This leaflet is to help you understand what epignathus is, what tests you need, and the implication of being diagnosed for your baby after it is born.
What is an Epignathus?
Epignathus is a rare tumour that protrudes from the oral cavity. It is a benign malformation that can be diagnosed in the prenatal life by an ultrasound study.
How does a Epignathus happen?
It is not clear why an epignathus occurs but in most cases, it is thought to occur due to a disorganised growth of the cells during the embryonic life. It is a very rare condition that happens in about 1 in 35.000 to 1 in 200.000 babies.
What are the things to watch for during the pregnancy?
Babies with epignathus are at risk of some problems, especially during the delivery time. The tumour that is formed on the mouth, can be small causing some feeding issues or may reach a large size, causing problems with the breathing of the newborn. The ultrasound will help identify if the tumour is compromising other structures of the baby’s head and in this way to establish an appropriate delivery plan. Many women will also accumulate extra amniotic fluid around the baby. This condition is called polyhydramnios. It can stretch the uterus too much and cause early labour well before the due date.
Could my baby have another associated malformation?
Yes. Although is considered rare, epignathus may be associated with other findings that could affect the formation of the palate, nose, and tongue.
If I have another baby, is it going to have an epignathus too?
No. The probability of having another baby with epignathus is very low. There is no evidence that shows this tumor has a genetic predisposition.
What does it mean for my baby after it is born?
Sometimes, babies that have been diagnosed with epignathus may need a special delivery plan. A specific procedure called an EXIT procedure may be proposed if the mass is compromising the airway and limiting the correct breathing of your baby.
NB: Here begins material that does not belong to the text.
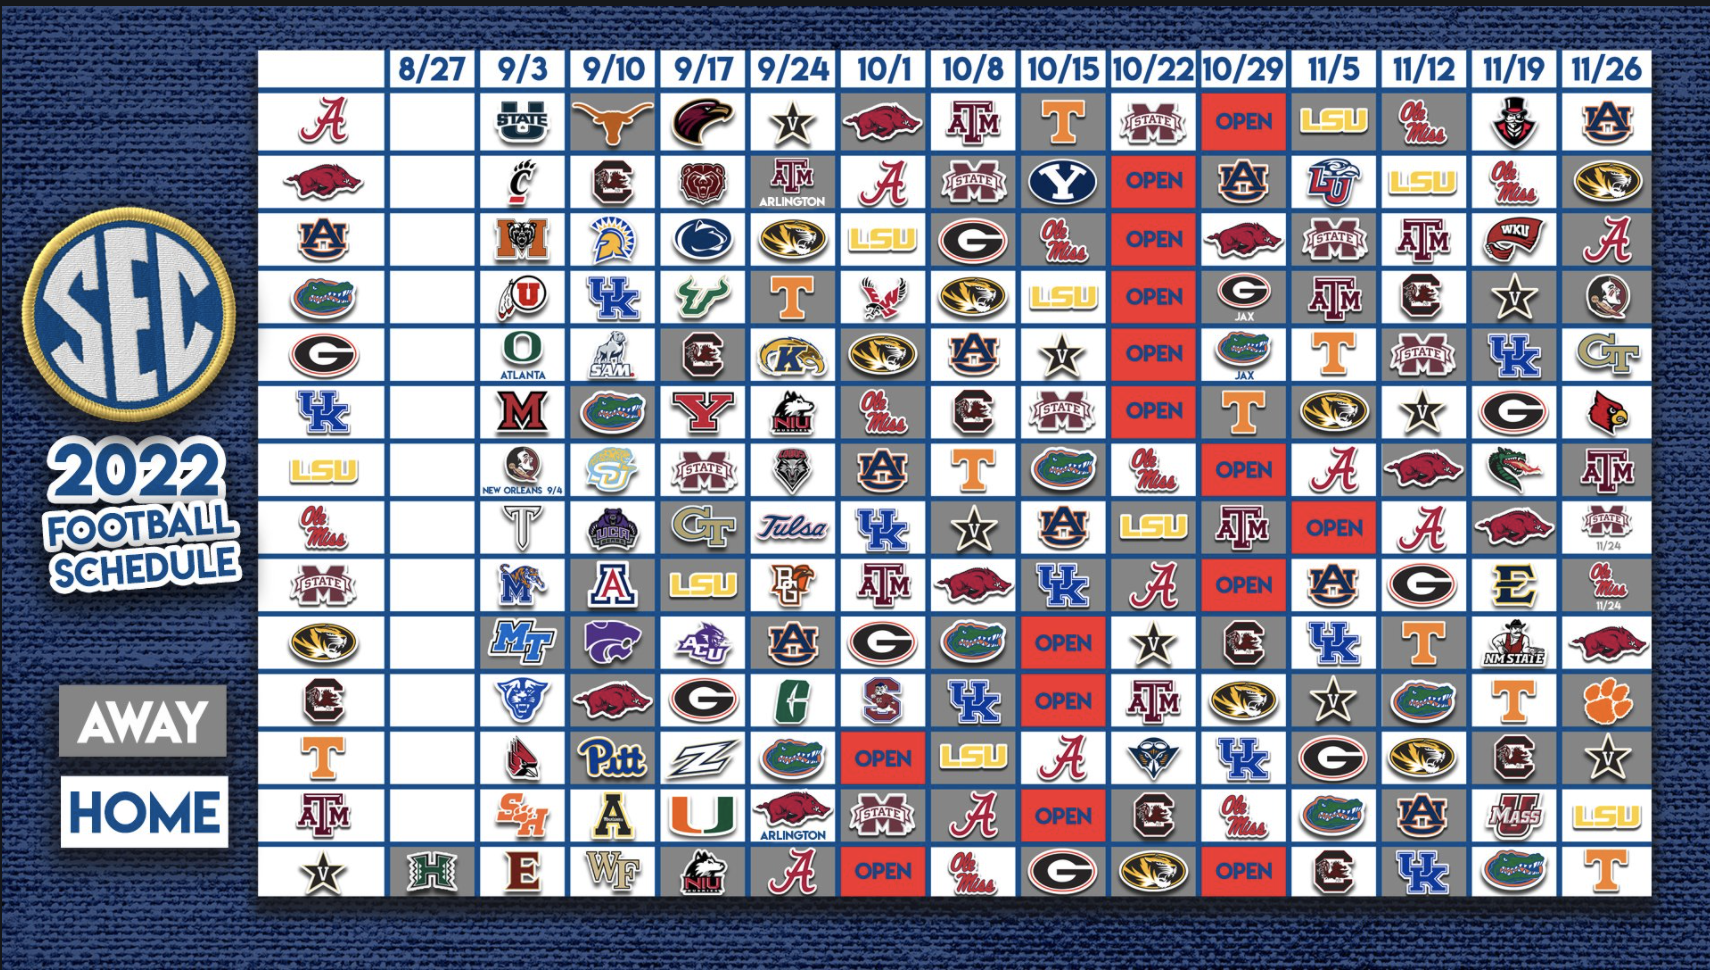 Georgia Bulldogs' 2022 schedule announced

This is the reason why once the diagnosis is made by ultrasonography your baby must be examined by a maternal-fetal specialist who will follow the growth of this mass and help formulate a plan for delivery.
The baby often requires a surgical procedure to remove the tumour from the oral cavity. This intervention may require very complex care in a specialised hospital for weeks after birth.
Will it happen again?
If the surgical procedure is successful with total removal of the mass, the tumour will not grow again.
What other questions should I ask?
- Where should I deliver?
- How is the procedure to secure the breathing of my baby performed during delivery?
- Where will the baby receive the best care after it is born?
- Can I meet the team of doctors that will be assisting my baby when it is born in advance?